# Data extract
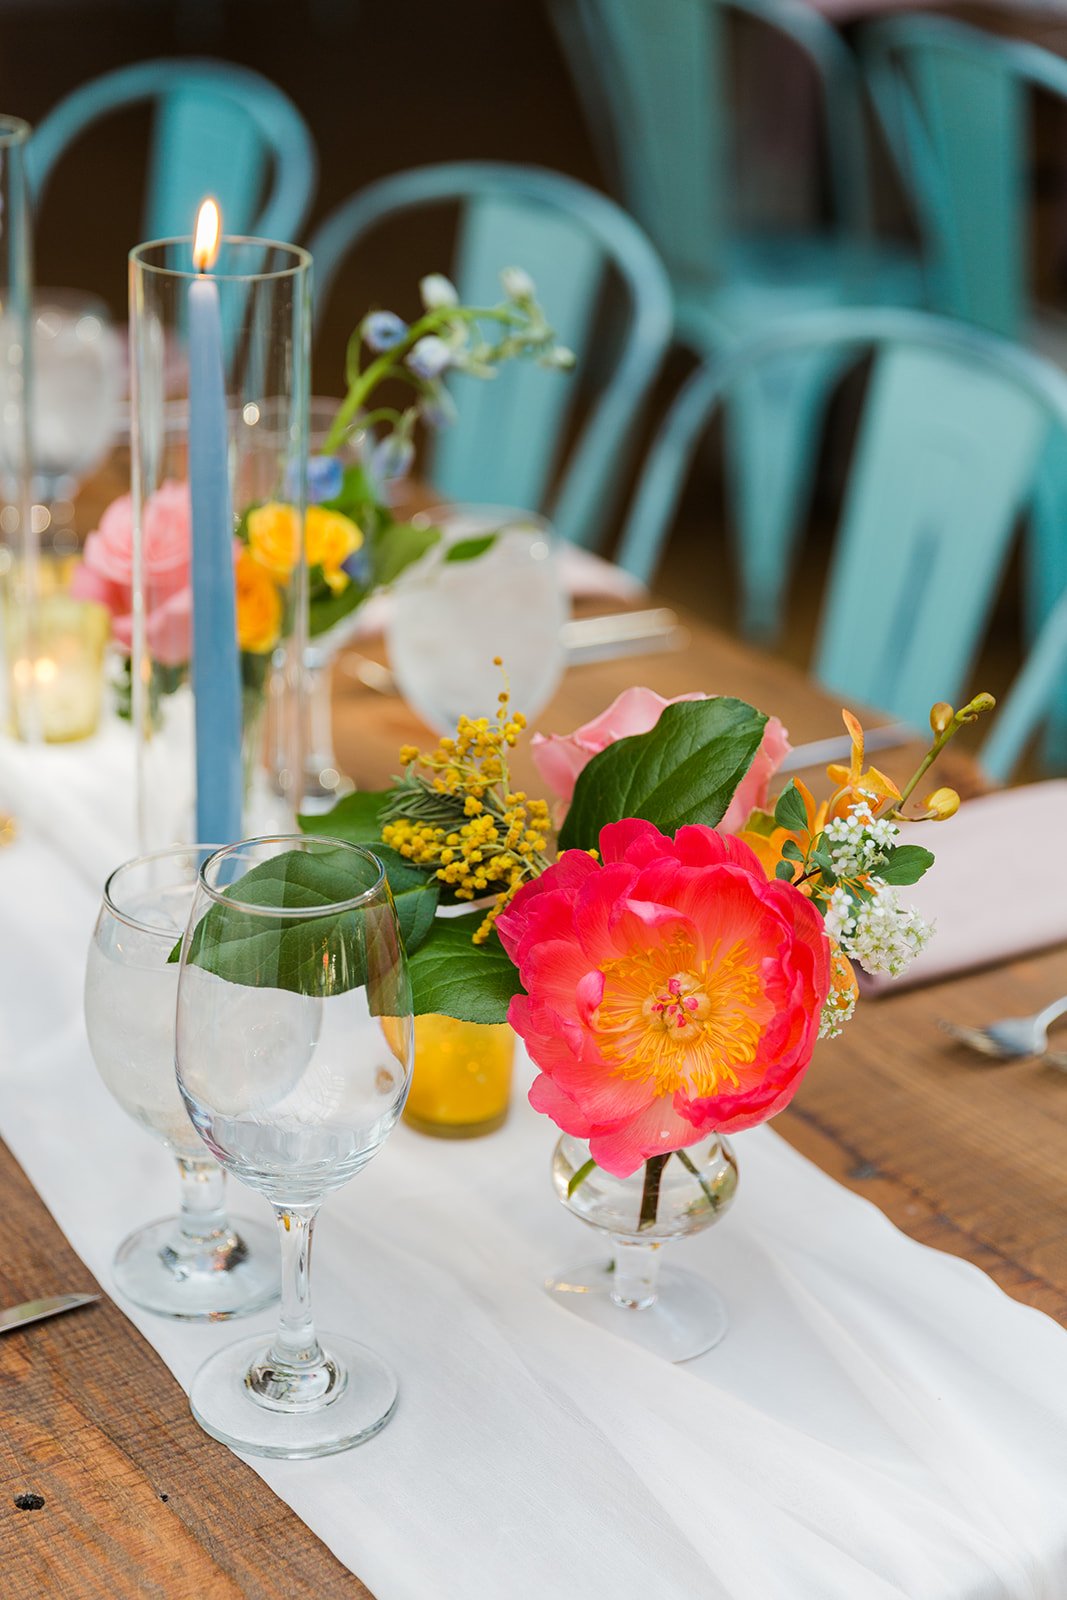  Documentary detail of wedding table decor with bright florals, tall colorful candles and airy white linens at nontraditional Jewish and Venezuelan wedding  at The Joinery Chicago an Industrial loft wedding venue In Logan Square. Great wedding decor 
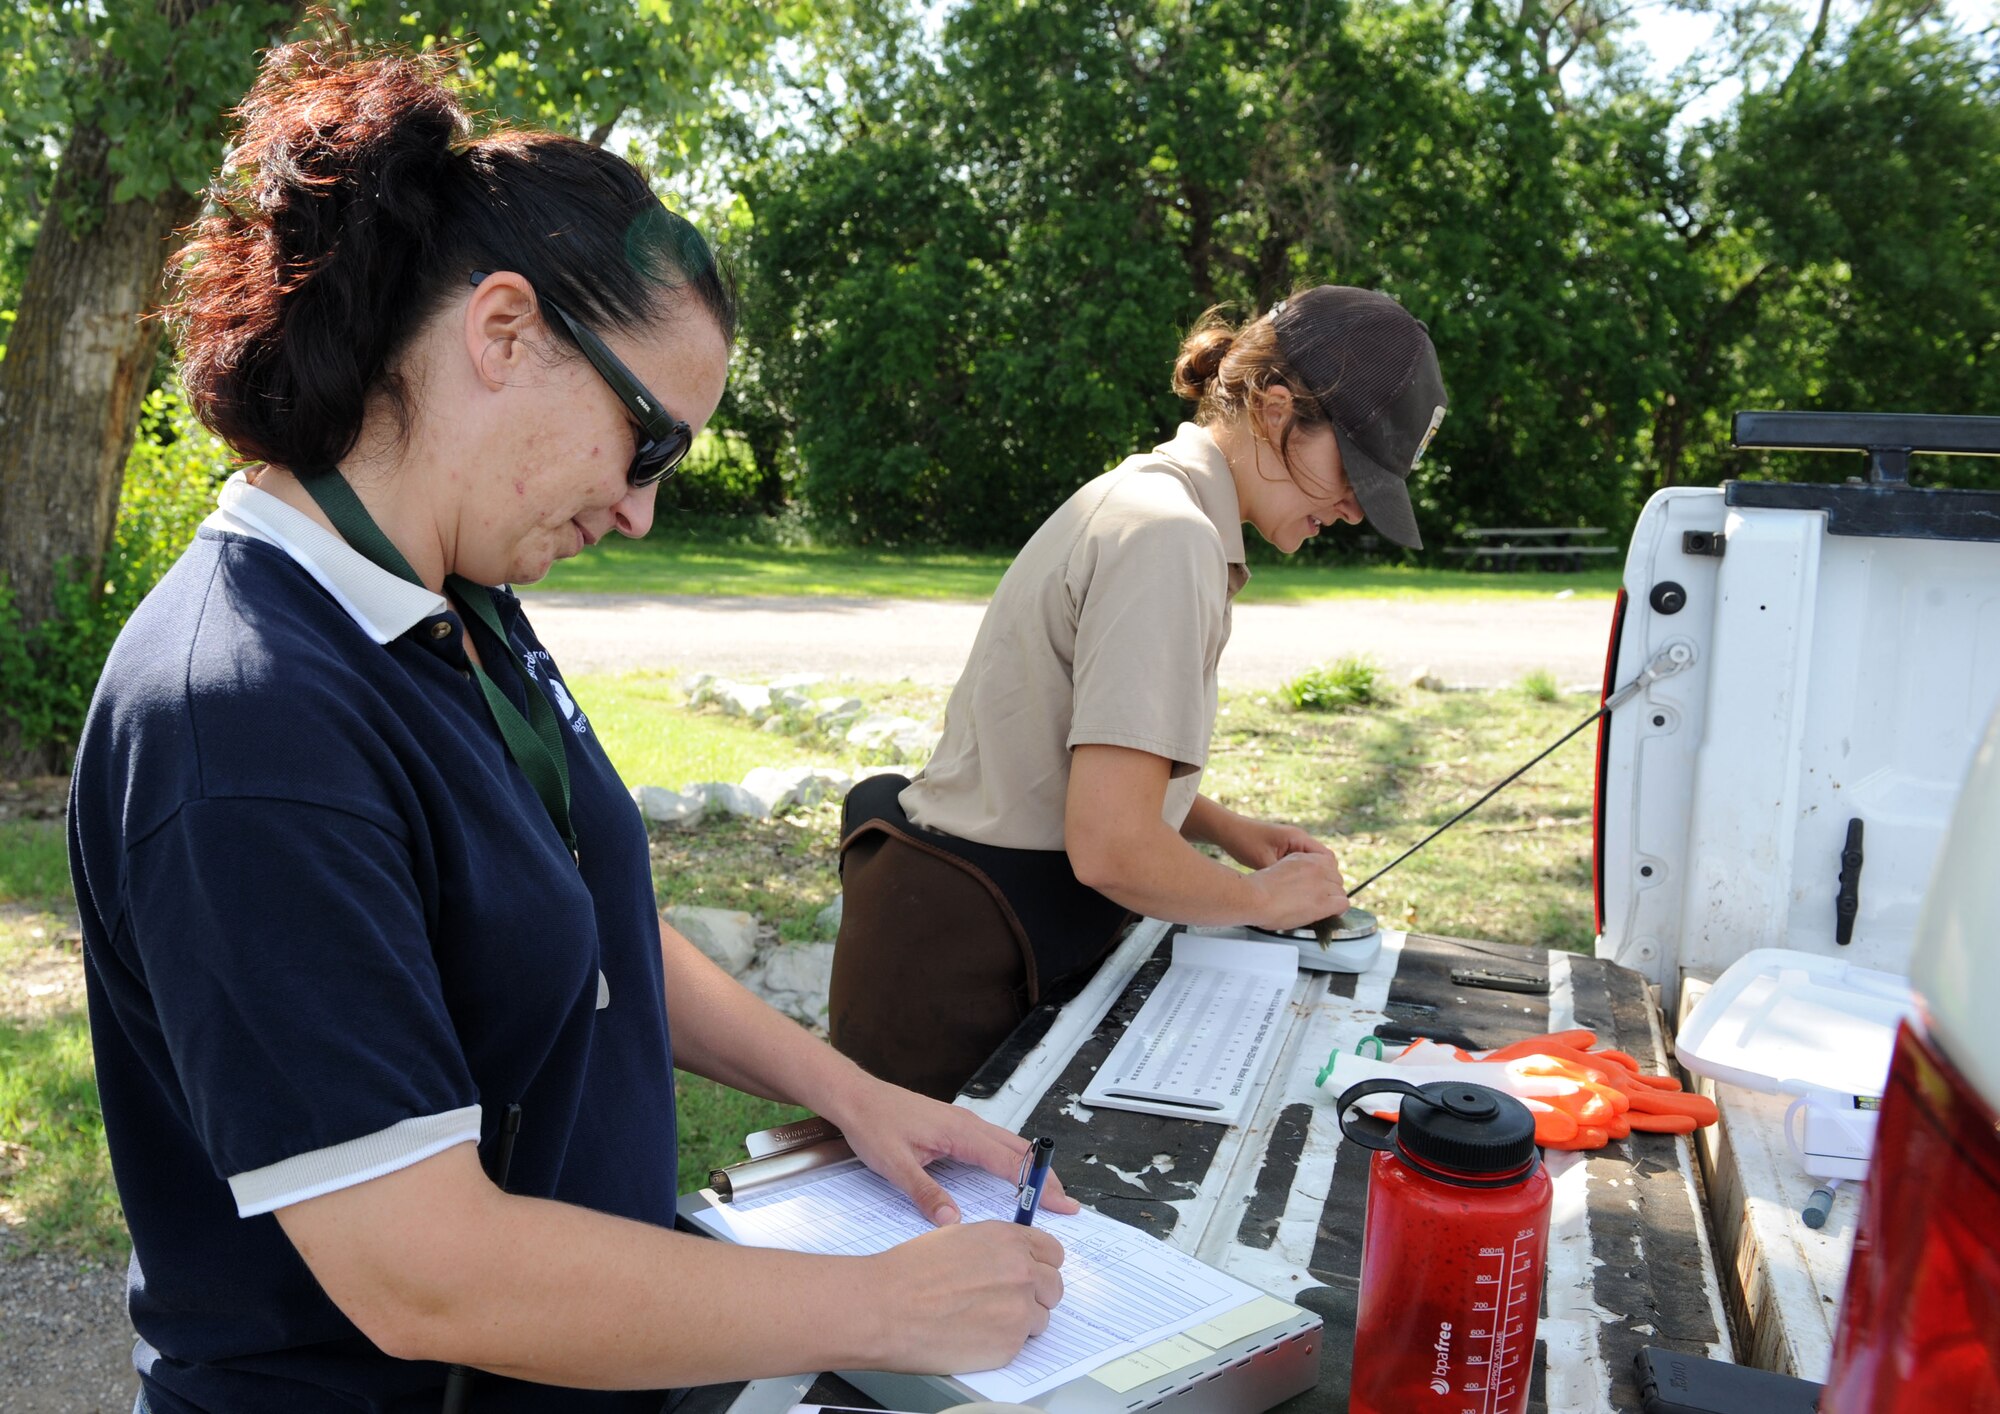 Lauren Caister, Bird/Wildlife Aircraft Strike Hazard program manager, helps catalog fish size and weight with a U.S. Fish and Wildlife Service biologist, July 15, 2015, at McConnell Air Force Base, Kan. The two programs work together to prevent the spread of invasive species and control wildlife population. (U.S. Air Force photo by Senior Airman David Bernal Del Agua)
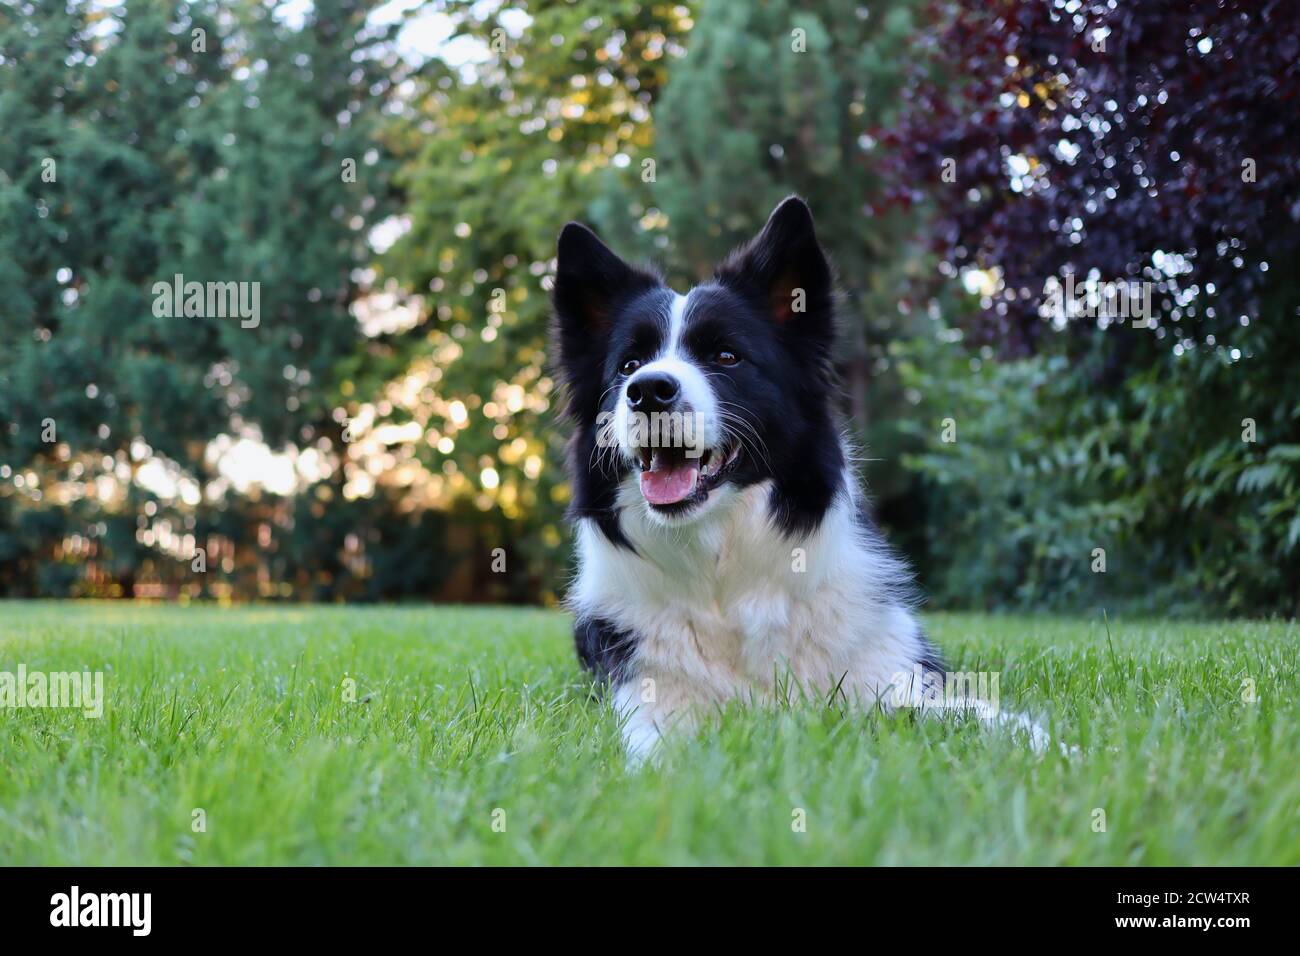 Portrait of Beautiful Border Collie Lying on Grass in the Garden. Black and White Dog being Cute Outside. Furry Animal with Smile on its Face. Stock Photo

# Exercise aim
Copy the material above in full and exactly, skipping pictures.

# Solution to the exercise
  Documentary detail of wedding table decor with bright florals, tall colorful candles and airy white linens at nontraditional Jewish and Venezuelan wedding  at The Joinery Chicago an Industrial loft wedding venue In Logan Square. Great wedding decor 
 Lauren Caister, Bird/Wildlife Aircraft Strike Hazard program manager, helps catalog fish size and weight with a U.S. Fish and Wildlife Service biologist, July 15, 2015, at McConnell Air Force Base, Kan. The two programs work together to prevent the spread of invasive species and control wildlife population. (U.S. Air Force photo by Senior Airman David Bernal Del Agua)
 Portrait of Beautiful Border Collie Lying on Grass in the Garden. Black and White Dog being Cute Outside. Furry Animal with Smile on its Face. Stock Photo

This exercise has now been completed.